Coverage of Children in Alternative Care in the Child Guarantee National Action Plans Analysed under the DataCare Project
Eurochild and UNICEF release new analysis of how National Action Plans commit to helping children in alternative care with a focus on data coverage and indicators that will be used to measure progress.
For the approximately 760,000 children in alternative care in the European Union, the European Child Guarantee is a crucial opportunity to measure progress on deinstitutionalisation and the transition to community and family-based care. In doing so, it can catalyse reform and meaningful improvement of the lives and prospects of one of Europe’s most disadvantaged groups of children.
With Eurochild and UNICEF’s newly published policy brief, Children in alternative care in the Child Guarantee National Action Plans - A summative analysis, we assess available National Action Plans (NAPs) and issue our recommendations to ensure effective policy monitoring for these children.
Key findings from our analysis:
Based on Eurochild and UNICEF’s earlier research in the DataCare project, we know that data is regularly collected and published on children in alternative care in countries in Europe. This data can be used to calculate basic indicators for measuring progress in deinstitutionalisation and transition to community- and family-based care.
To aid the EU and Member States in their work to take this forward, Eurochild has analysed the 20 publicly available (as of 1 March 2023) European Child Guarantee NAPs to assess how Member States commit to measures to address inequalities for children in alternative care, and if these measures will be monitored effectively.
Below are key findings from our analysis:
- 16 countries include specific measures and actions to support children in alternative care in their NAPs.
- 12 countries refer specifically to measures to improve the situation of care leavers in their NAPs, such as supporting the transition to independent living or continued state support to meet their needs.
- 7 countries specify the need for dedicated measures for children with disabilities, due to their disproportionate representation in alternative care placements.
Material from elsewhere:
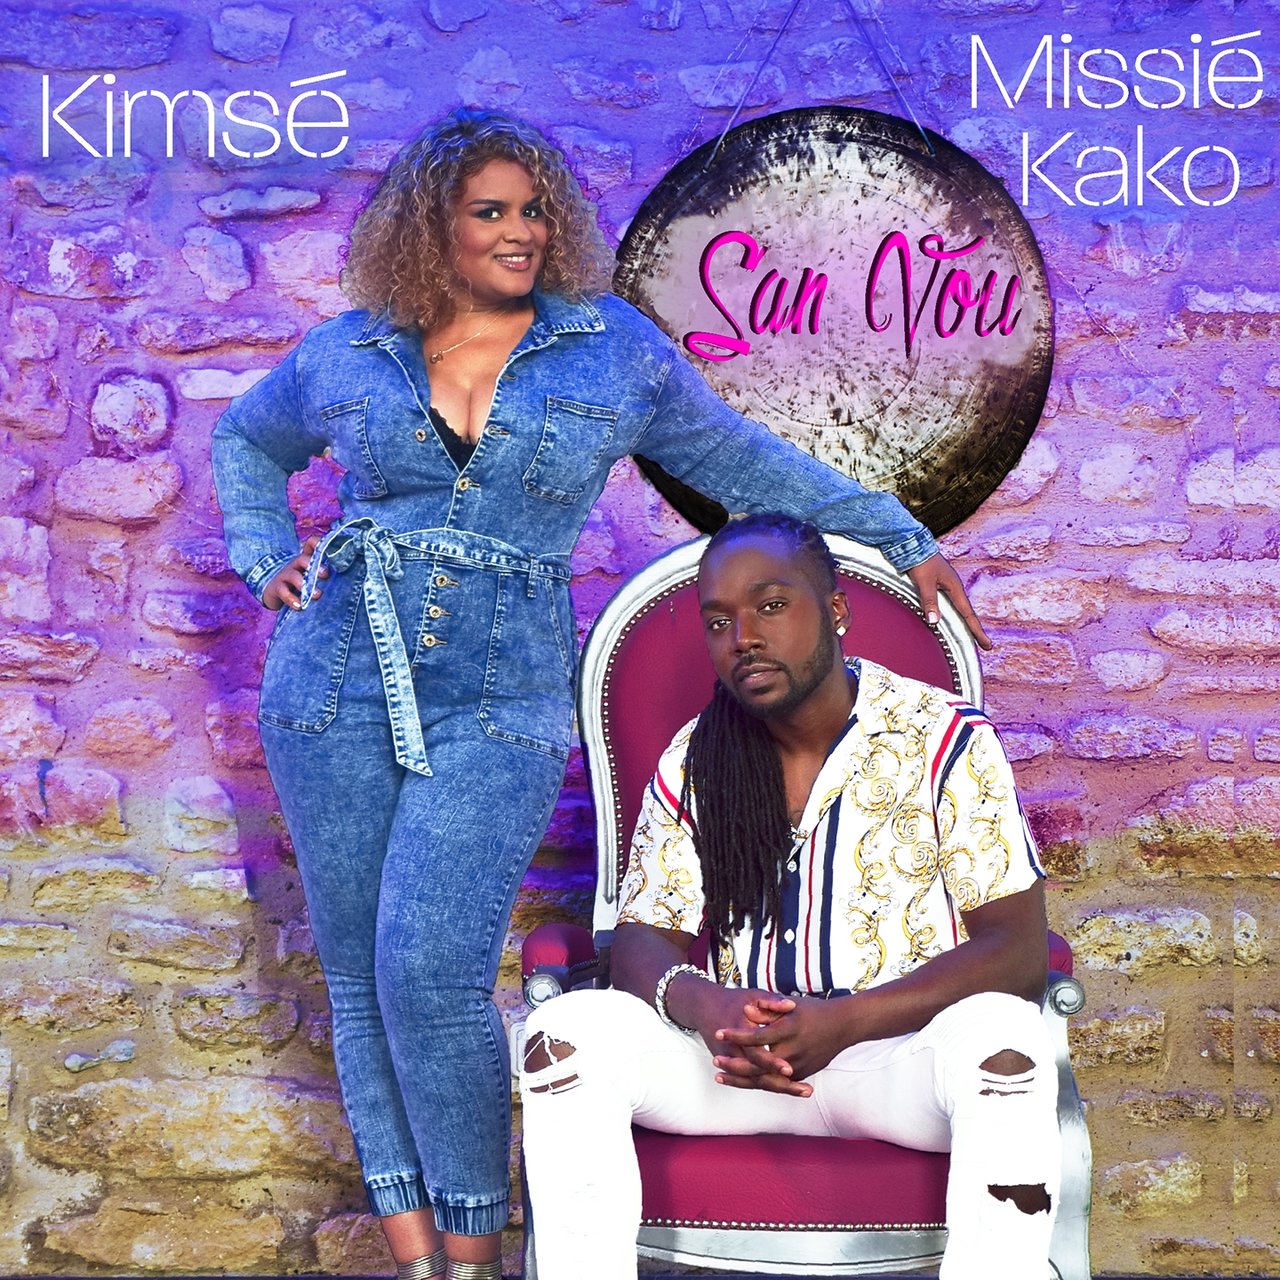 Kimsé - San Vou (ft. Missié Kako) (Cover)
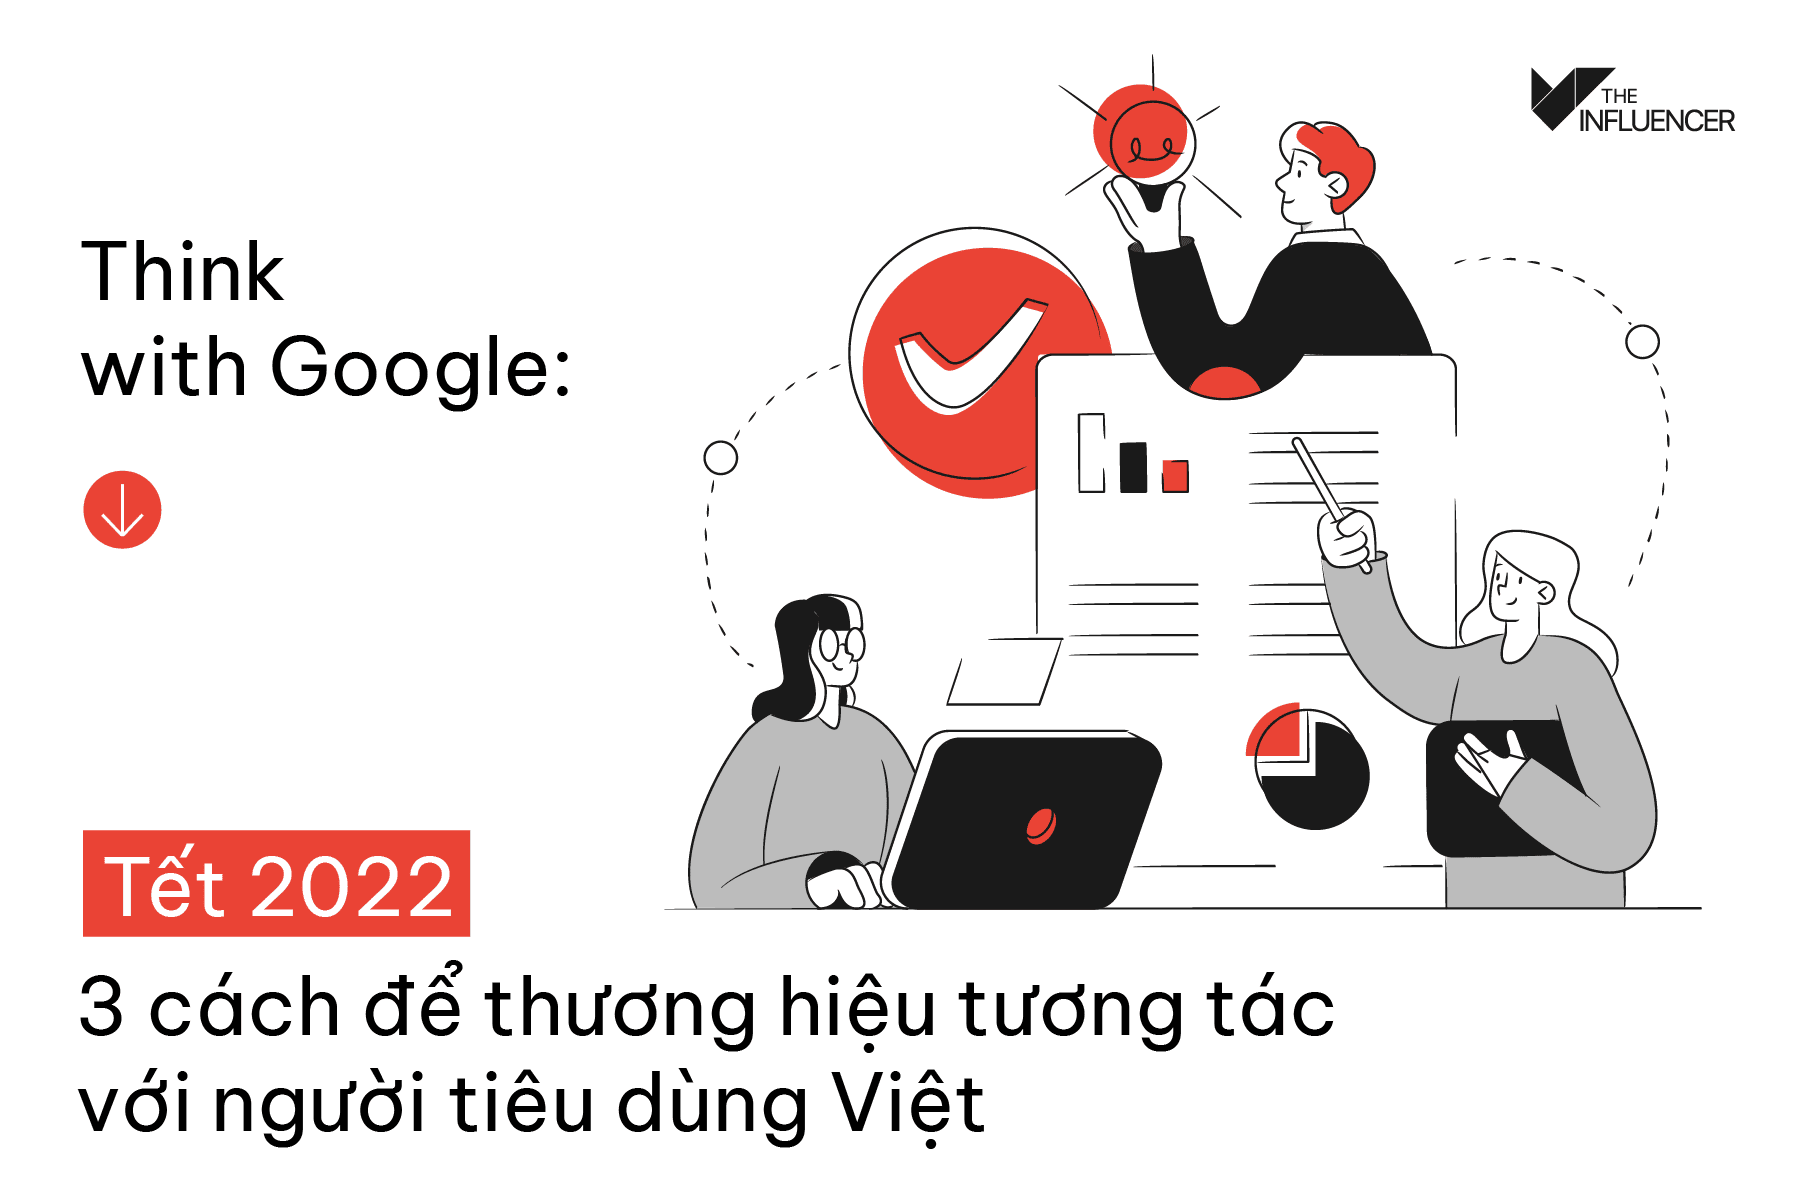 Think with Google: Tết 2022 - 3 cách để thương hiệu tương tác với người tiêu dùng Việt

- 17 countries are using existing data to describe the situation of children in alternative care in their NAPs. Most commonly used variables for data on children in alternative care are age, sex, and disability status.
- 10 countries have monitoring frameworks including some or all of the indicators that Eurochild and UNICEF ECARO have recommended through our DataCare research.
- 8 countries specify how EU and/or national financial resources will be used to fund measures to reduce the risk of poverty and increase the social inclusion of children in alternative care.
Recommendations for action:
These results show that there is a real momentum for change to improve the availability, quality and international comparability of data on children in alternative care across EU countries.
Therefore, Eurochild and UNICEF encourage countries in Europe to develop comprehensive monitoring and evaluation frameworks for children in alternative care and strengthen their alternative care information systems to close data gaps and improve data quality and comparability over time. Children themselves have a critical role to play in these processes too.
Specifically, Eurochild and UNICEF are recommending:
- For the European Commission and in particular the Social Protection Committee – Indicator Sub-Group to:
- Develop guidance on monitoring progress in EU child policy implementation and evaluating outcomes for children – engaging also civil society and children in this process;
- Use the available data from national sources on children in alternative care to fill in the gaps in EU-level data collection in this area;
- Invest in the methodological work required to allow more comparable results.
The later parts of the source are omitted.